Exercise directions
All lines of the following material must be written out exactly as they appear.
[Records for this exercise Boundary: Start]
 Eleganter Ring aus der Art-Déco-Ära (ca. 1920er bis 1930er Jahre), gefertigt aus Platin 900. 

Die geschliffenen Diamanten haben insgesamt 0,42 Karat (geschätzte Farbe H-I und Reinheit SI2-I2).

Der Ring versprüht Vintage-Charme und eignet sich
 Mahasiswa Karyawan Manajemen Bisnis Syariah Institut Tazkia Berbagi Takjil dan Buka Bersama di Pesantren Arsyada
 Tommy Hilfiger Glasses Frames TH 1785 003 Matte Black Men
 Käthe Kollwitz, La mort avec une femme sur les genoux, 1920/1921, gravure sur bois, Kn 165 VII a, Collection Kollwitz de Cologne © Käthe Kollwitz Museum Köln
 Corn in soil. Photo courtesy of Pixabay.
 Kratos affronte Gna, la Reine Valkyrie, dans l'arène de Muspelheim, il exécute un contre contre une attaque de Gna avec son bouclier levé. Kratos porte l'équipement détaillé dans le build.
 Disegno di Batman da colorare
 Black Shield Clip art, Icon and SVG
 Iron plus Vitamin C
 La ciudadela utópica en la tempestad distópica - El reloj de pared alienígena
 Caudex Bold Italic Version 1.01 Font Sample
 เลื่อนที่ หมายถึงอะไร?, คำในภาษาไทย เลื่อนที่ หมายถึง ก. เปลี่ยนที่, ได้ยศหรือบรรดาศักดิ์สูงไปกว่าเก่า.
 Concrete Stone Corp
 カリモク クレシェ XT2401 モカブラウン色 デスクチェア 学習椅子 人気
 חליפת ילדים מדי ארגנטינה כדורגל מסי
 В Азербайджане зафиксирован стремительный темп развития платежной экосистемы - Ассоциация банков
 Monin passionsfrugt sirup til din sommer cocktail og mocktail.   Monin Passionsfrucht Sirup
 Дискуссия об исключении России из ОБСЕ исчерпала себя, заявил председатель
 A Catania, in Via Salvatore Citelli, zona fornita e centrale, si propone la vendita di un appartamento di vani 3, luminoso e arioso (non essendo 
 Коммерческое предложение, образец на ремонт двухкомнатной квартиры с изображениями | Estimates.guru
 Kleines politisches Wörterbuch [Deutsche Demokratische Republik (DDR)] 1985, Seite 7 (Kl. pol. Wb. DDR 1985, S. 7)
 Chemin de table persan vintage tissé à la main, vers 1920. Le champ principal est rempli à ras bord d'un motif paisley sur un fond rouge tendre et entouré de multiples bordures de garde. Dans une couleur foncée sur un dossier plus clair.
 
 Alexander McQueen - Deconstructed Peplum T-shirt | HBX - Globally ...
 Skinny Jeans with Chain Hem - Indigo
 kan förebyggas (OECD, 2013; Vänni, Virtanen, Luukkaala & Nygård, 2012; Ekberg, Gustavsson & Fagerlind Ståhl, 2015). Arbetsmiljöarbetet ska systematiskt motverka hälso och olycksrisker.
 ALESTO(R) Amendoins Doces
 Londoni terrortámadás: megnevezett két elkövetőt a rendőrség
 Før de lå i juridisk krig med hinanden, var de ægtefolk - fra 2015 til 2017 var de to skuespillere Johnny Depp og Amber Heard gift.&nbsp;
[Records for this exercise Boundary: End]
Exercise output
 Eleganter Ring aus der Art-Déco-Ära (ca. 1920er bis 1930er Jahre), gefertigt aus Platin 900. 

Die geschliffenen Diamanten haben insgesamt 0,42 Karat (geschätzte Farbe H-I und Reinheit SI2-I2).

Der Ring versprüht Vintage-Charme und eignet sich
 Mahasiswa Karyawan Manajemen Bisnis Syariah Institut Tazkia Berbagi Takjil dan Buka Bersama di Pesantren Arsyada
 Tommy Hilfiger Glasses Frames TH 1785 003 Matte Black Men
 Käthe Kollwitz, La mort avec une femme sur les genoux, 1920/1921, gravure sur bois, Kn 165 VII a, Collection Kollwitz de Cologne © Käthe Kollwitz Museum Köln
 Corn in soil. Photo courtesy of Pixabay.
 Kratos affronte Gna, la Reine Valkyrie, dans l'arène de Muspelheim, il exécute un contre contre une attaque de Gna avec son bouclier levé. Kratos porte l'équipement détaillé dans le build.
 Disegno di Batman da colorare
 Black Shield Clip art, Icon and SVG
 Iron plus Vitamin C
 La ciudadela utópica en la tempestad distópica - El reloj de pared alienígena
 Caudex Bold Italic Version 1.01 Font Sample
 เลื่อนที่ หมายถึงอะไร?, คำในภาษาไทย เลื่อนที่ หมายถึง ก. เปลี่ยนที่, ได้ยศหรือบรรดาศักดิ์สูงไปกว่าเก่า.
 Concrete Stone Corp
 カリモク クレシェ XT2401 モカブラウン色 デスクチェア 学習椅子 人気
 חליפת ילדים מדי ארגנטינה כדורגל מסי
 В Азербайджане зафиксирован стремительный темп развития платежной экосистемы - Ассоциация банков
 Monin passionsfrugt sirup til din sommer cocktail og mocktail.   Monin Passionsfrucht Sirup
 Дискуссия об исключении России из ОБСЕ исчерпала себя, заявил председатель
 A Catania, in Via Salvatore Citelli, zona fornita e centrale, si propone la vendita di un appartamento di vani 3, luminoso e arioso (non essendo 
 Коммерческое предложение, образец на ремонт двухкомнатной квартиры с изображениями | Estimates.guru
 Kleines politisches Wörterbuch [Deutsche Demokratische Republik (DDR)] 1985, Seite 7 (Kl. pol. Wb. DDR 1985, S. 7)
 Chemin de table persan vintage tissé à la main, vers 1920. Le champ principal est rempli à ras bord d'un motif paisley sur un fond rouge tendre et entouré de multiples bordures de garde. Dans une couleur foncée sur un dossier plus clair.
 
 Alexander McQueen - Deconstructed Peplum T-shirt | HBX - Globally ...
 Skinny Jeans with Chain Hem - Indigo
 kan förebyggas (OECD, 2013; Vänni, Virtanen, Luukkaala & Nygård, 2012; Ekberg, Gustavsson & Fagerlind Ståhl, 2015). Arbetsmiljöarbetet ska systematiskt motverka hälso och olycksrisker.
 ALESTO(R) Amendoins Doces
 Londoni terrortámadás: megnevezett két elkövetőt a rendőrség
 Før de lå i juridisk krig med hinanden, var de ægtefolk - fra 2015 til 2017 var de to skuespillere Johnny Depp og Amber Heard gift.&nbsp;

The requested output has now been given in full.